Updated: Mar 21
Whether operating as an in-house internal audit function, or performing internal audit services for a client, a budget is an important document that should be prepared at the beginning of each review.
A budget should not just be 'slapped together' as part of the audit admin processes. It is important that a budget is consciously thought out, with consideration given to some of the following factors:
Amount of effort required per scope area;
Number of resources required (and any specialists);
The level and rate (where applicable) of audit team members involved;
The skills of the client / business area to be audited, and the level of involvement required in managing them throughout the audit process; and
Technicality of the topic (do we require specialists knowledge, or will it require multiple reviews?); and
Ease of finalising an audit report.
A preview of the budget template is included below:
As you proceed through the planning process, you should begin to form an answer against each of the above points.
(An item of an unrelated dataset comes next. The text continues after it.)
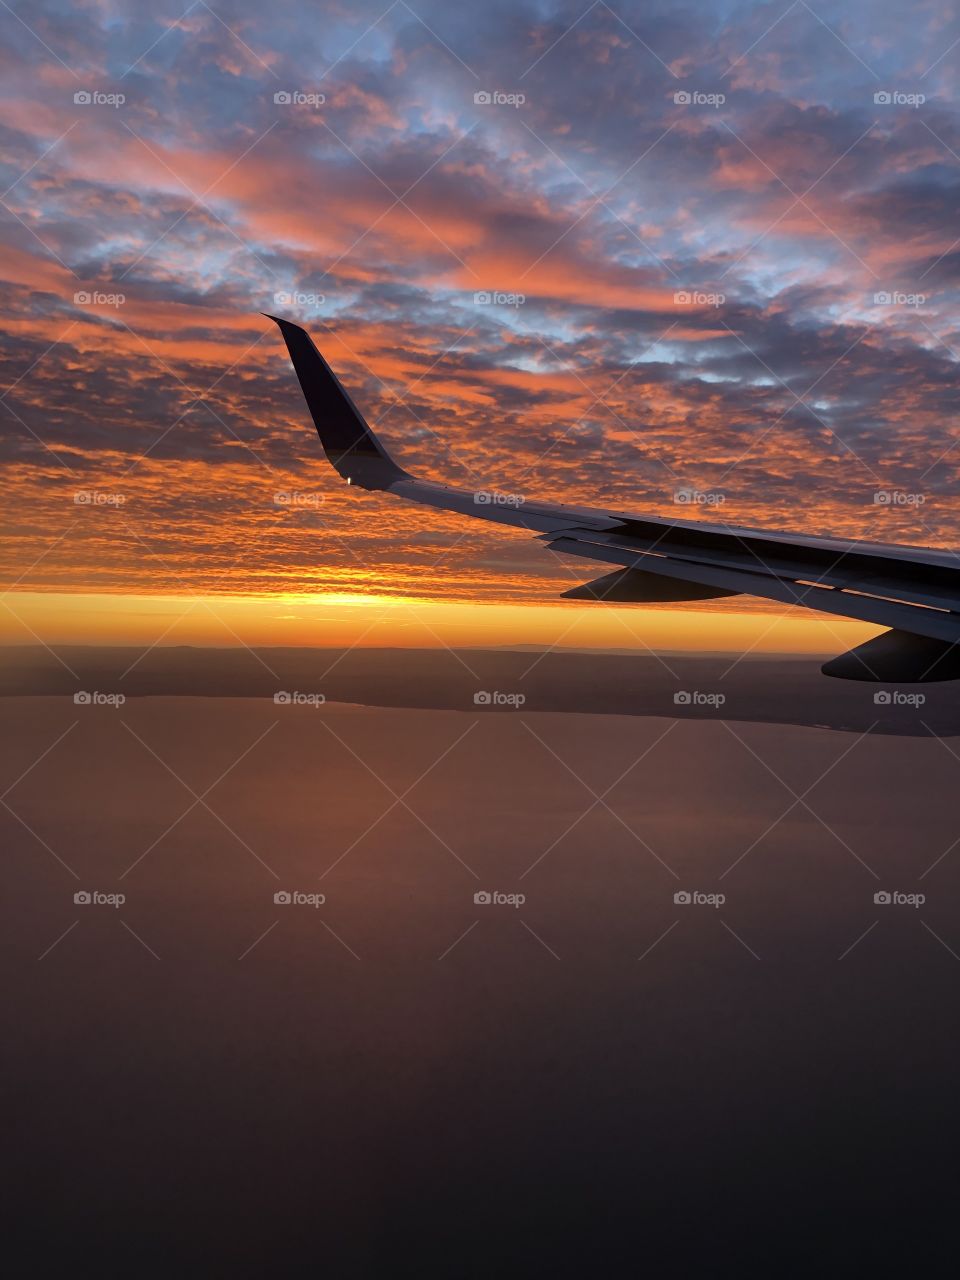 Plane window pic

This will help you to develop a realistic budget.
A budget is important as it:
Holds the audit team accountable and can prevent slippage;
For private firms, helps to manage costs and work within margins;
Helps future auditors understand the length of time taken to complete the audit procedure; and
Can show areas that required significantly more effort than required.
The budget should be updated on a regular basis (weekly), and communicated to all team members to ensure they are aware of the current position.
It is essential that a budget is never seen as a constraint. A budget should not impact the level of detail, effort or time required to complete the audit procedures. A budget should not impact on audit quality.